Princess consort of Arianiti
- Tenure: c. 1440s – 1462
- Predecessor: Maria Muzaka
- Successor: Francesca of Montferrat
- Born: Unknown
- Died: c. 15th-16th century
- Spouse: Gjergj Arianiti
- Issue: Theodora Arianiti Maria Arianiti Thomas Comnino Arianiti Constantine Arianiti, Prince of Macedonia Arianitto Arianiti
- House: Francone (by birth) Arianiti (by marriage)
- Father: Oliviero Francone
- Religion: Roman Catholic

= Pietrina Francone =

15th-century Italian noblewoman

Pietrina Francone was a 15th-century Italian noblewoman from the Francone family in Apulia. Her father was Oliviero Francone, an Aragonese officer in Lecce. Through her marriage to Albanian Prince Regnant Gjergj Arianiti, she became the Princess Consort of the Arianiti Principality.

== Issue ==
With her husband Gjergj Arianiti, she had the following children:

  - Maria Arianiti, married to Bartolomeo Giuppo della Rovere (1474–1545) from the Geonese noble Della Rovere family. They had a son, Francesco della Rovere, who initially became Bishop of Camerino (1508), Voltera (1514) and finally Archbishop of Benevento (1530–1545).
  - Theodora Arianiti
  - Thomas Arianiti
  - Constantine Arianiti, who became a leader among Christian Balkan refugees in Italy and used the titles Prince of Macedonia, Duke of Achea and Despot of Morea. In the early 16th century, Constantine served as a diplomat to the popes and the future Maximilian I, Holy Roman Emperor, with both parties finding him a talented ambassador. In 1489 he married Lady Francesca of Montferrat, member of the Palaeologus-Montferrat family, branch of the Byzantine Imperial Palaiologos dynasty, and a step-daughter to his niece Maria of Serbia. From 1495 to 1499 he became regent of Montferrat, on behalf of the young William IX, his brother-in law and grand-nephew.

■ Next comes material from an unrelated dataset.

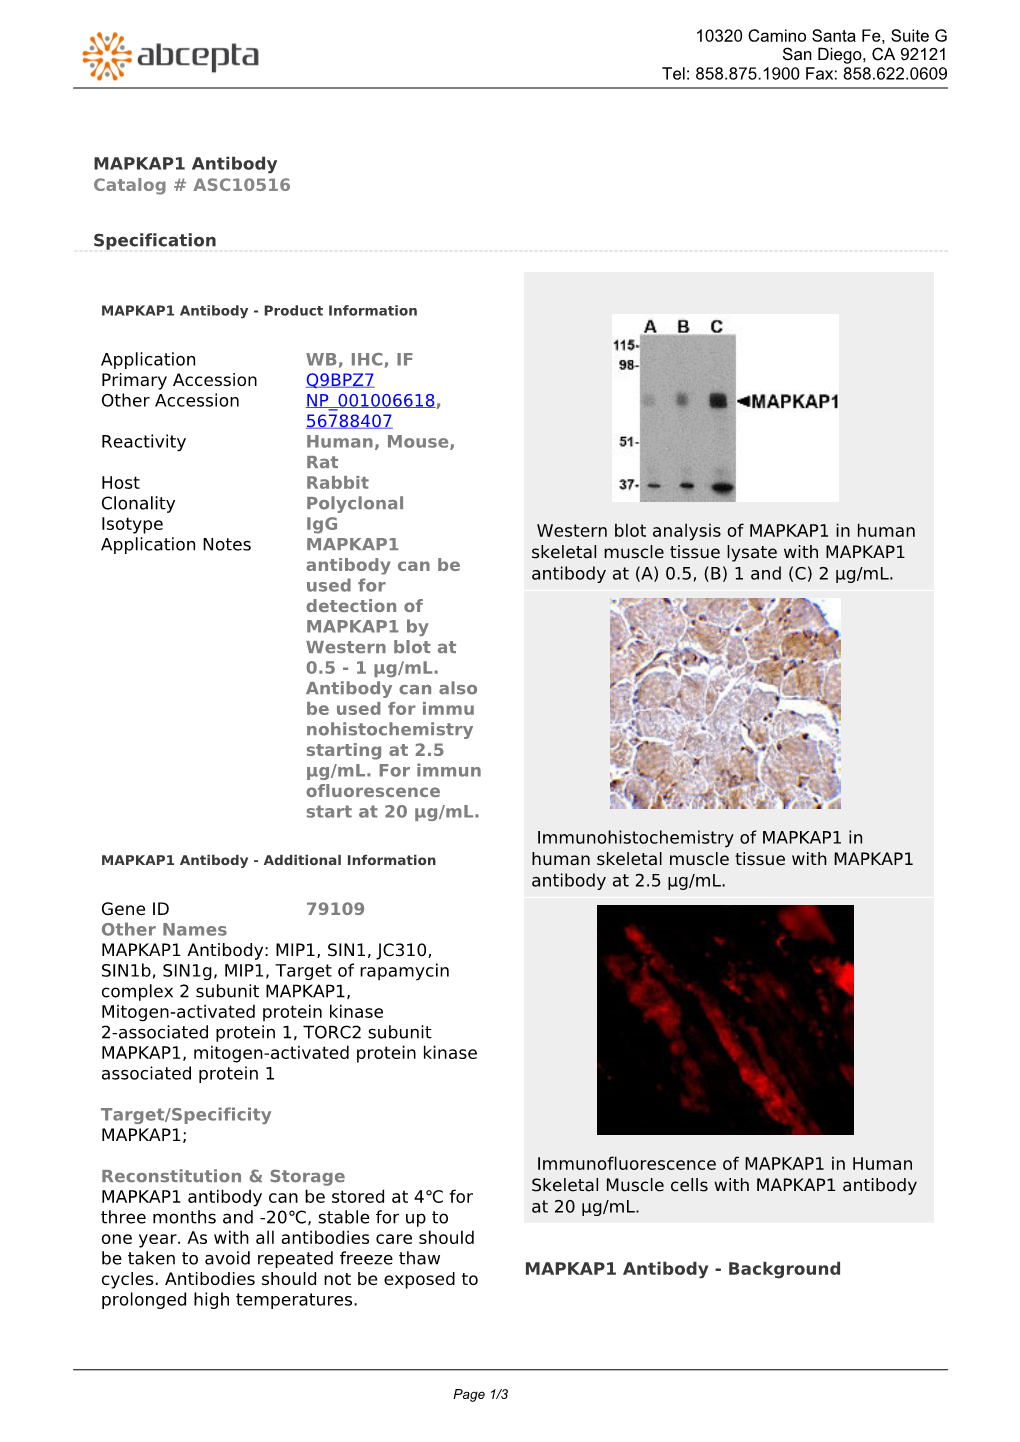 MAPKAP1 Antibody Catalog # ASC10516

With Francesca, Constantine had the following children:
    - Arianitto, Prince of Macedonia
    - Andronica, married to Carlo III Tocco then after his death to Giorgio Secco, a milanese nobleman.
    - Penthesilea, married to Alexander Ducagjini
    - Ippolita, married to Zanobio de' Medici of the Italian Medici family. She remarried in 1532 to Lionello Pio di Carpi of the Pio di Savoia family.
    - Polissena, married Rinaldo degli Ottoni di Matelica.
    - Deianira, married Giorgio Trivulzio.
    - Elena, married Juan de Luna, a castillian nobleman.